Linear fit: $y_1 = c_1 x + c_0 +\epsilon$

This is underfitting!

In [8]:
linear_fit = ['x0','x1']

model = sm.OLS(y_noisy, df[linear_fit]) # make the model
results_l = model.fit()

fig = plt.figure(figsize=(4,4))
plt.plot(x_ary, y_noisy, 'o')
plt.plot(x_ary, results_l.predict(), '-o')
plt.xlabel('x', fontsize = 14)
plt.ylabel('y', fontsize = 14)
plt.legend(['data', 'linear fit'], fontsize = 14)

Out[8]:
<matplotlib.legend.Legend at 0x7ff770dacf50>

## Let's look at the fits of other models¶

Full fit: $y = c_0 + c_1x + c_2x^2 + c_3x^3 + c_4x^4 + c_5x^5 + c_6x^6 + c_7 x^7 + c_8 x^8 + c_9 x^9 + c_{10} x^{10} +\epsilon$\$

This is overfitting!

In [9]:
full_fit = ['x0','x1','x2','x3','x4','x5','x6','x7','x8','x9','x10']

model = sm.OLS(y_noisy, df[full_fit]) # make the model
results_f = model.fit()

fig = plt.figure(figsize=(4,4))
plt.plot(x_ary, y_noisy, 'o')
plt.plot(x_ary, results_f.predict(), '-s')
plt.xlabel('x', fontsize = 14)
plt.ylabel('y', fontsize = 14)
plt.legend(['data', 'full fit'], fontsize = 14)

Out[9]:
<matplotlib.legend.Legend at 0x7ff7909f3a90>

## Let's compare the best fit to the full fit¶

In [10]:
fig,(ax1, ax2) = plt.subplots(1, 2, figsize = (8,4))
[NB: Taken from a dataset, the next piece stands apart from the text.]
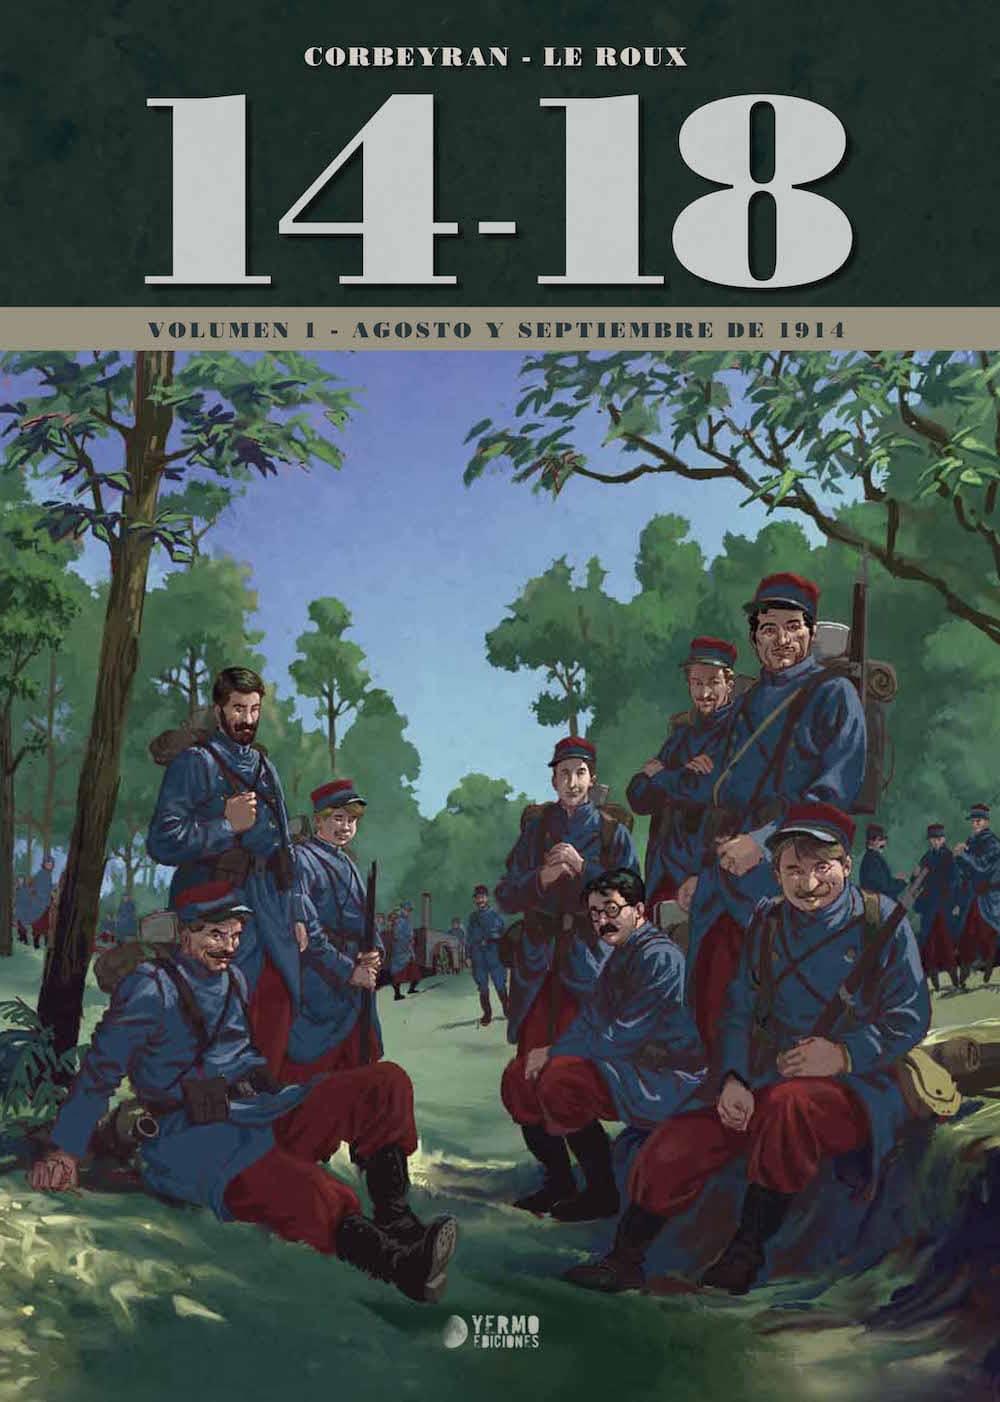 14-18 VOL. 1 (AGOSTO Y SEPTIEMBRE DE 1914)

ax1.plot(x_ary, y_ary, '-', lw = 2)
ax1.plot(x_ary, y_noisy, 'o')
ax1.plot(x_ary, results_b.predict(), '-s')
ax2.plot(x_ary, y_ary, '-', lw = 2)
ax2.plot(x_ary, y_noisy, 'o')
ax2.plot(x_ary, results_f.predict(), '-d')
ax1.set_xlabel('x', fontsize = 14)
ax2.set_xlabel('x', fontsize = 14)
ax1.set_ylabel('y', fontsize = 14)
ax2.set_ylabel('y', fontsize = 14)
ax1.legend(['original', 'data', 'best_fit'], fontsize = 14)
ax2.legend(['original', 'data', 'full_fit'], fontsize = 14)

Out[10]:
<matplotlib.legend.Legend at 0x7ff790a31ed0>

## Let's compare the data to the fitted values¶

We would expect a perfect model to produce a line.

In [11]:
fig = plt.figure(figsize = (4,4))
plt.plot(y_noisy, results_l.predict(), 'd')
plt.plot(y_noisy, results_b.predict(), 's')

plt.plot([-60,20], [-60,20], '-r', lw=2)
plt.xlabel('data', fontsize = 14)
plt.ylabel('fitted values', fontsize = 14)
plt.legend(['linear fit', 'best fit'], fontsize = 14)

Out[11]:
<matplotlib.legend.Legend at 0x7ff760ee6d50>